С открытыми глазами лежал Петька, не Петька, разбойник настоящий, черный, голова смазана коровьим маслом, как у морозовского кучера, нос – три носа, один на другом, рука скрючена, он заберет с собою бабушку, петушка индейского, полетят они на Хитровку в воздушном шаре, будут там разбойничать, будет там бой кровавый...
Чуть потрескивал огонек лампадки перед образками и крестиками, перед Четырьмя праздниками – Покровом, Всем Скорбящим Радости, Ахтырской, Знамением, перед Московскими чудотворцами – Максимом блаженным, Василием блаженным, Иоанном юродивым. Горы матери-пустыни, огненные от огонька ночного, пламенными языками врезались в Кремль московский.

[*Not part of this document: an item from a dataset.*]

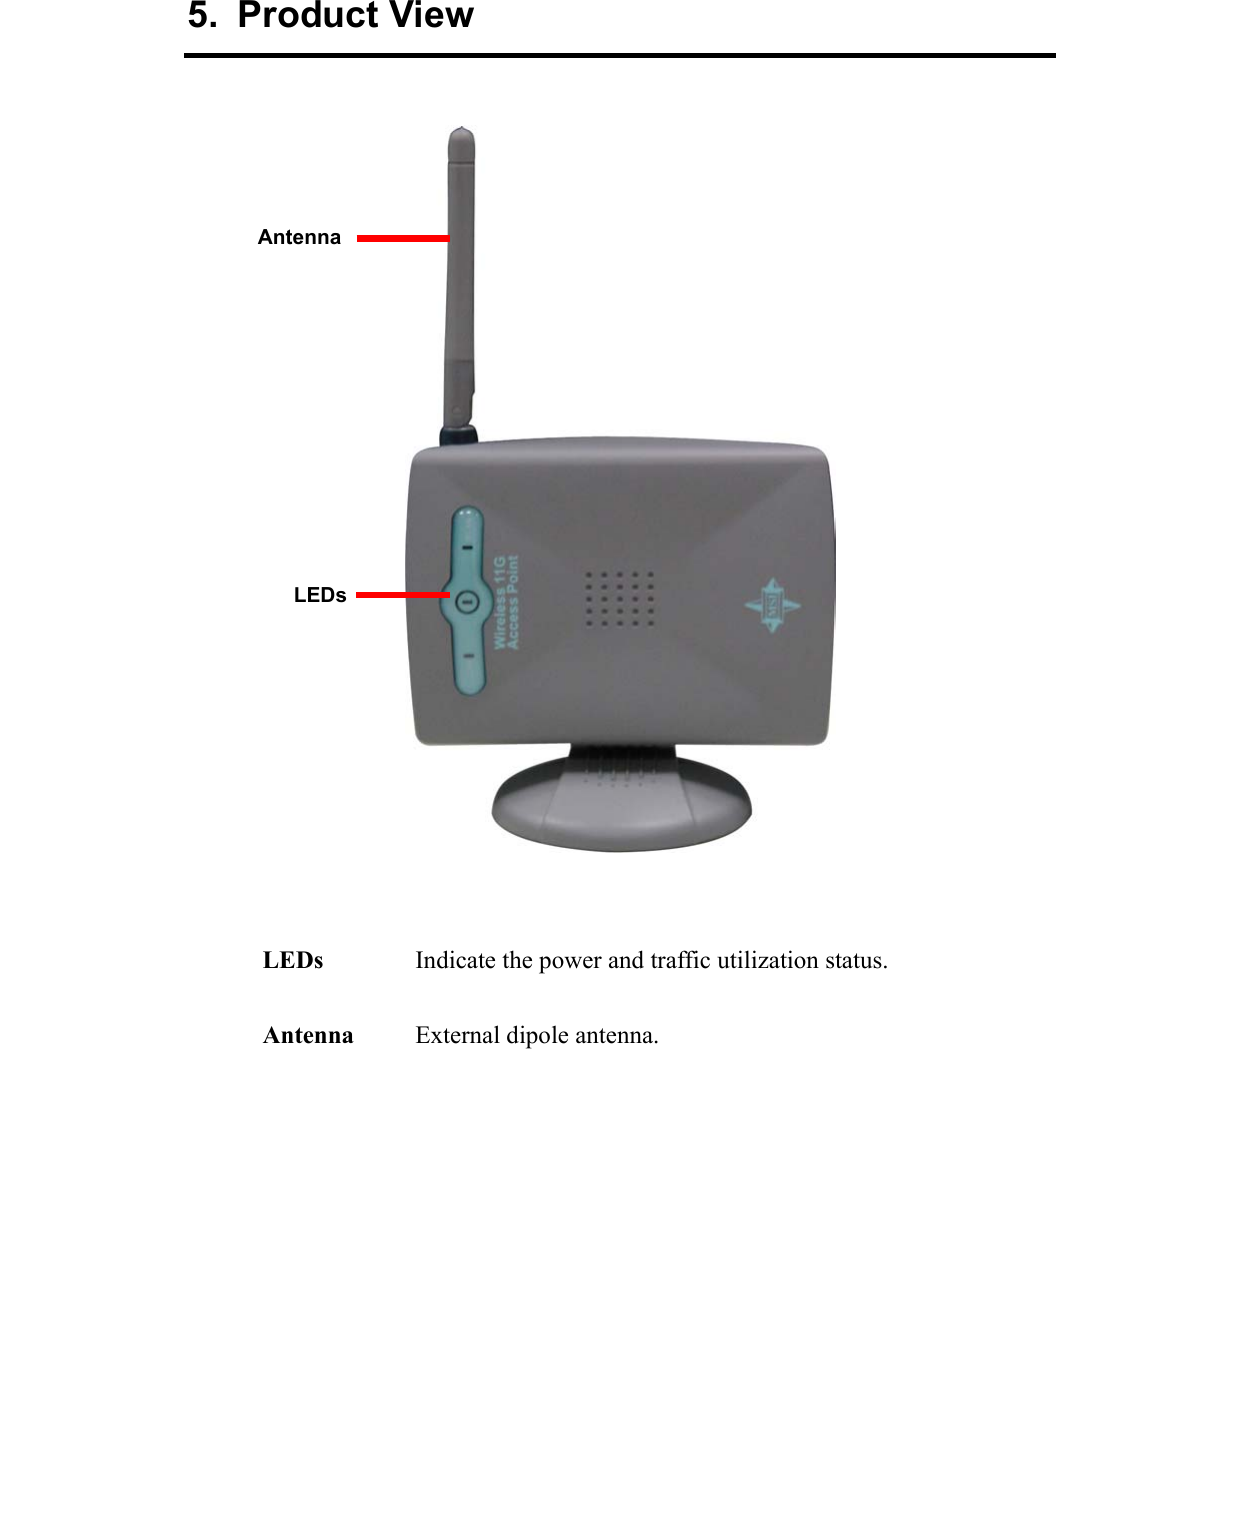 5. Product View     LEDs  Indicate the power and traffic utilization status.  Antenna  External dipole antenna.   LEDs Antenna

– Я, бабушка, в разбойники поступил! – бормотал сквозь сон Петька.
Неспокойная кончилась осень, наступила зима. Не улеглась тревога у бабушки, а Петька просто от рук отбился: нападет на сорванца икота, и он, – что бы Отче наш читать, прежде всегда Отче наш читал, помогало, – Калечину-Малечину читает! Не успокоилась бабушка, не утишились улицы, холодом, лютью не остудилась Москва, не вошла жизнь в свою полосу буден с их трудом день-деньским и заботами.
По неведомым путям, нечуемым, шла, наступала беда на русский народ, беспощадная, неумолимая, немилосердная, загнала его в чужие дальние земли к чужому народу и там разметала на позор и глумление, вывела в неродной Океан и там потопила грознее бури, непроносной грозы, и темная, ненасытная из чужой желтой земли шла, подступала к самому сердцу в облихованную горе горькую землю, на Москву-реку.